Saturday, May 31, 2008

In Theory . . . .

This is not exactly a complaint. But . . .

I'm learning Perl now, along with sed and awk and regular expressions, and I'm noticing that in nearly all cases, these books are aimed at people who have real-life problems that can be solved by these functions. At this point, I don't. I have not yet worked in an environment in which I need powerful searching and text processing and programming tools. Each of the books is very basic and approaches the subject from the view of a non- or new programmer, which is helpful. But the examples are things like "$apple = 'red'" and replacing the variable "$foo" with the text "bar." While simple and illustrative, I'm having trouble at this point imagining real life situations where I would apply these skills.

I guess what I need is to talk to people who use these skills and have them show me how they work, but for now I can only learn these in my theory-bubble.

Regular Expressions

In a recent job interview (ahem), I was asked what I knew about regular expressions. I had to say, honestly, that I had probably heard the term before but that I didn't know what they were. So post-interview, I did some investigations in my Unix books and on the web to discover what was meant by the term. This turned out to be more difficult than I thought, because what I was reading was not making much sense to me, and the grep function in the Unix shell seemed more mysterious than ever. Finally, I came across a 10+-year-old edition of Mastering Regular Expressions in netLibrary, and several things clicked.

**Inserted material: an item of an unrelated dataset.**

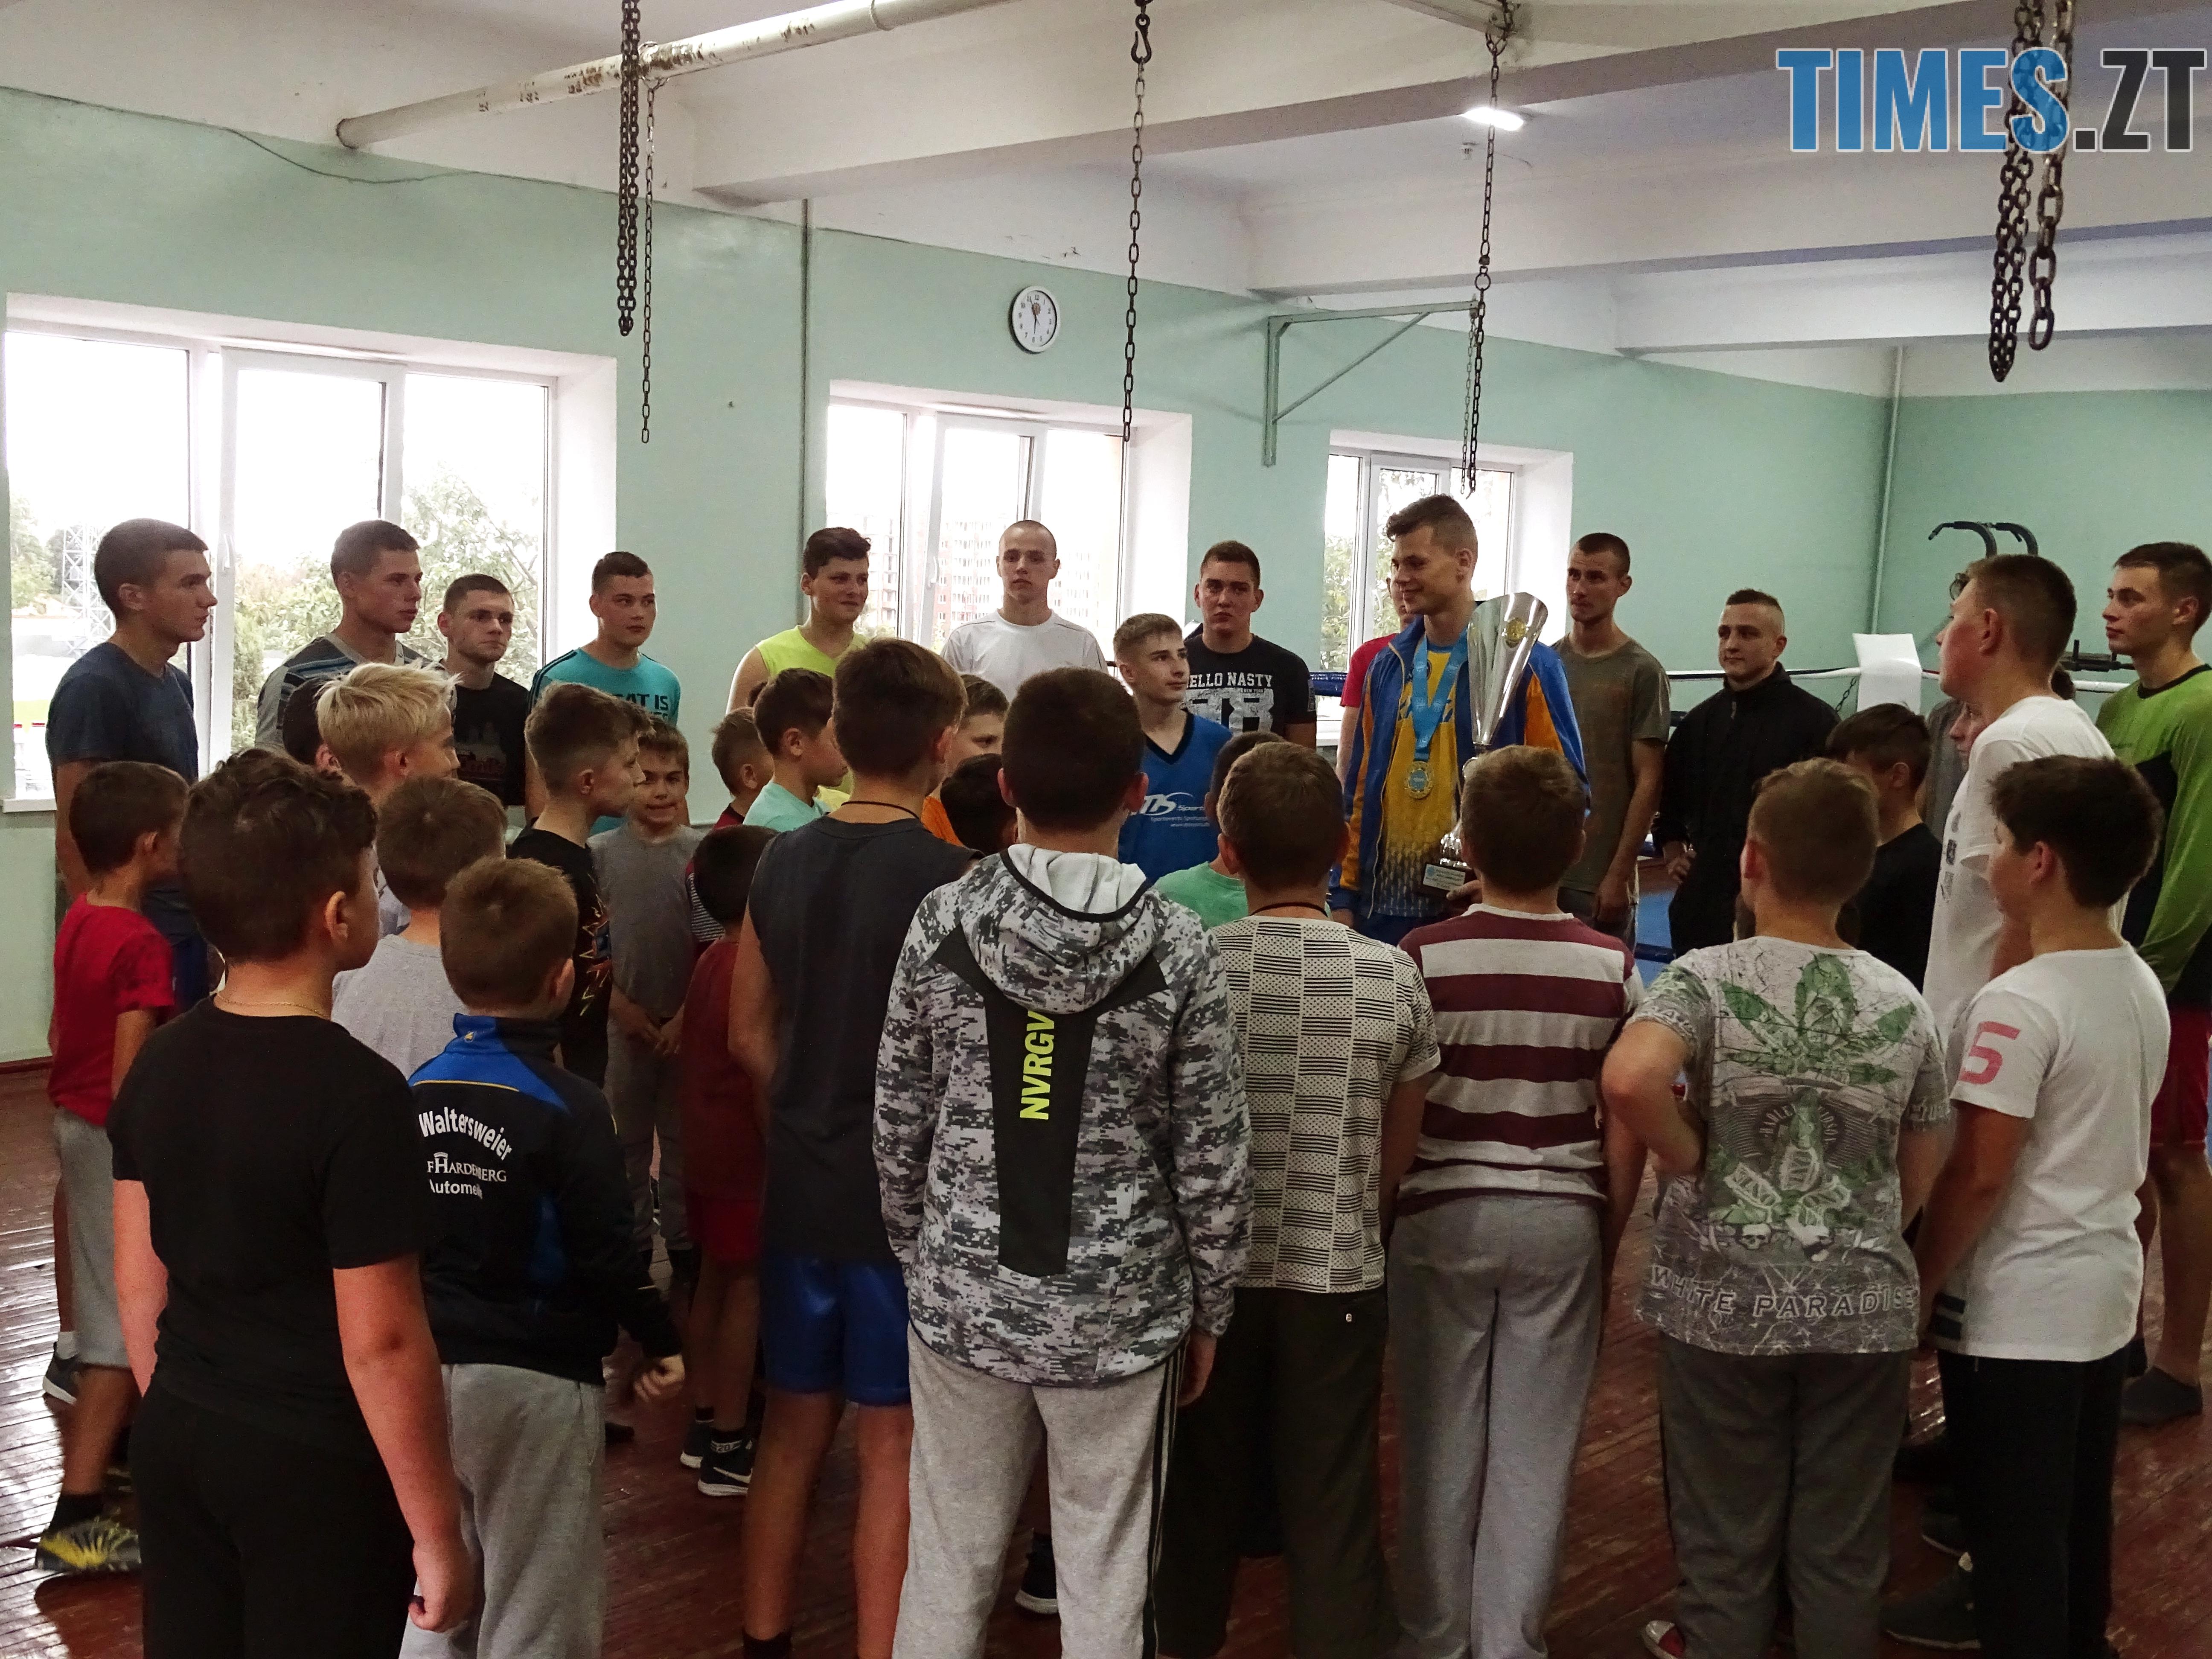 DSC02016 - Як одноклубники зустріли житомирського кікбоксера Артема Мельника, який став чемпіоном світу-2018 WAKO серед молоді (ФОТО)

Having been a professional librarian for nearly two years, a graduate student for the previous two, and a paraprofessional who did reference for four years, I've been asked to do computer-based searching on a daily basis for over six years. Fortunately, thanks to algorithmic search engines (like Google), this task has become very simple. But I'm spoiled. I came to libraries after the miserable days of search engines that only matched text strings. In those medieval days, there was no forgiveness for spelling errors or misplaced spaces, no helpful "Did you mean . . . ?" features or "related searches" that got thrown up for your convenience if you typed "freinds" instead of "friends." When a library patron comes in and asks for a book with "snow flower" in the title, a useful shortcut (given the fact that our library catalog is still quite unforgiving) is to search those words in Amazon.com or Google, which nearly always works.

The way "traditional" computer-based library catalogs work is with "wildcard" characters. This way, if you're unsure of the spelling of "friends" or "weird," you can substitute a nonalphabetic character in place of one or more letters in the text string. Hence, "friends" can be rendered "fr??nds" or "fr*nds," and the computer will find:
  • for "fr??nds," all seven-character text strings that begin with "fr" and end with "nds"
  • for "fr*nds," all text strings (of any length) that begin with "fr" and end with "nds"
In this case, you use an "expression" of alpha and non-alpha characters to search for actual text strings inside a group of files.

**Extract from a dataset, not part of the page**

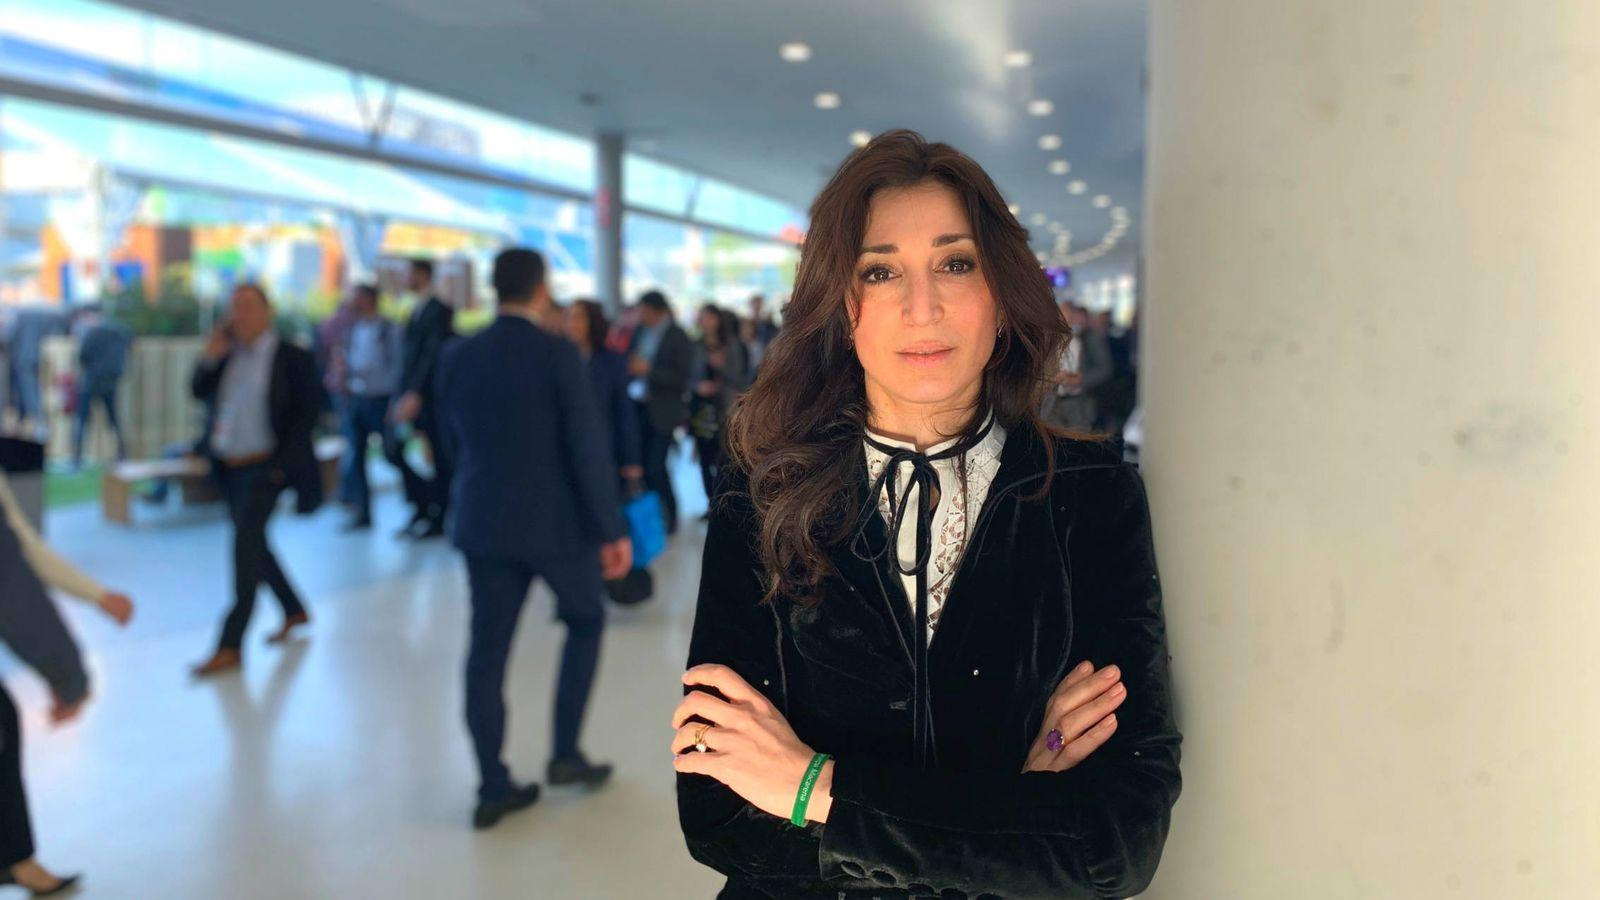 Foto: Heba Bevan, fundadora de la 'startup' UtterBerry y asesora del Gobierno británico. (M. Á. M.)

In regular expressions proper, this concept is taken to extremes, and you are required to know many different symbols for extremely precise searches. I am just learning these, so I don't yet have them down, but I know that you place your expression between forward slashes like this:

/expression/

What goes between the slashes would be a group of symbols like ^/n\$ that would let you search something as specific as "all of the records that start with a number and have 'n' as the third character and end with a g." This is a very powerful way to do targeted searching for, say, thousands of lines of open source library information system computer code, or multiple databases of patron and MARC records. For instance. :-)

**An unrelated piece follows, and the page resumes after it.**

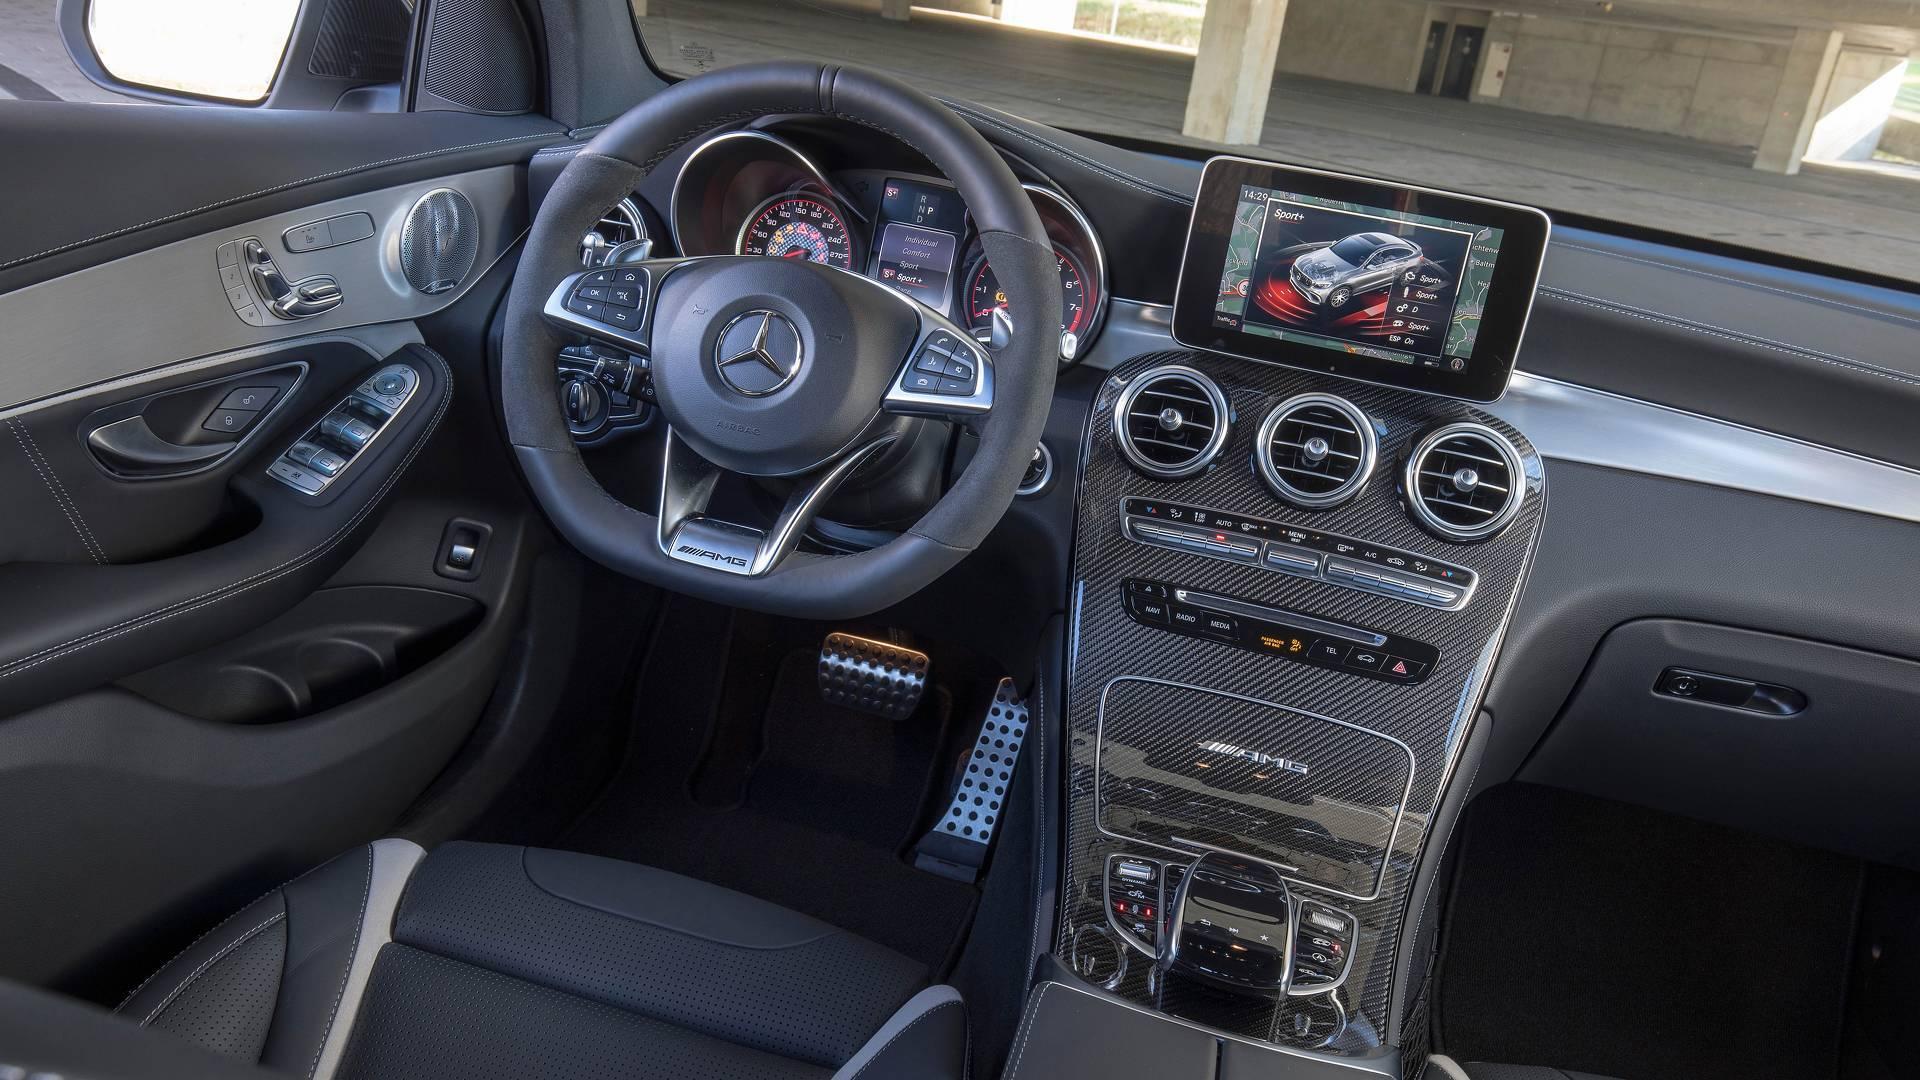 Mercedes GLC 63 AMG. Foto: Divulgação

Of course for all of our other searching needs, we'll stick to Google!

Friday, May 30, 2008

Learning Perl

I've learned that one of the tools that I'm expected to have under my belt as a system administrator is Perl, which is used for managing all kinds of things. I'm not a programmer, and many of the concepts of programming languages are new to me. I've always assumed that knowing HTML and its variants gave me enough background to understand computer languages like Perl or Java or C++, and they do to a small degree. For instance, when I first found the "view source" option on Internet Explorer a number of years ago and it opened a text file with all that code, I really had no idea what it was or what it did. Graduate school changed this, and by the end of my third technology/web-oriented class, I was writing papers that analyzed the HTML of major corporate web sites. Knowing those skills gave me the confidence (hubris?) to believe that I actually know what makes computers behave the way they do.

Then I found Linux . . .

Aside from the obvious cosmetic and ideological differences between Linux and Microsoft (which is really the only other milieu I'm comfortable in at this point), Linux (based on Unix) requires use of the command line in a way that Microsoft does not. So even though I do most of my work and play in my (very pretty) GUI, I am using the command line more and more. I'm much less afraid of it than I was. The most extensive shell work I've done so far was installing the Evergreen ILS server, but I'm still learning on this (more for a later post).

Okay, back to Perl. I've so far been using two books to get the basics down:
I used the second book for a few days, but I found that the 24 Hours book was more clear in its tone and a bit less scattered as far as subject matter goes. As I investigate Perl further, I can see that there are two books that kind of everybody uses and talks about (even if they don't love them, exactly):
I have ordered copies from Amazon that should be here very soon. There are actually previous editions available through the GALILEO subscription to netLibrary (if you're not from Georgia, investigate your library's online options), but I've decided that these are worth owning since I'm now pretty serious about learning Perl.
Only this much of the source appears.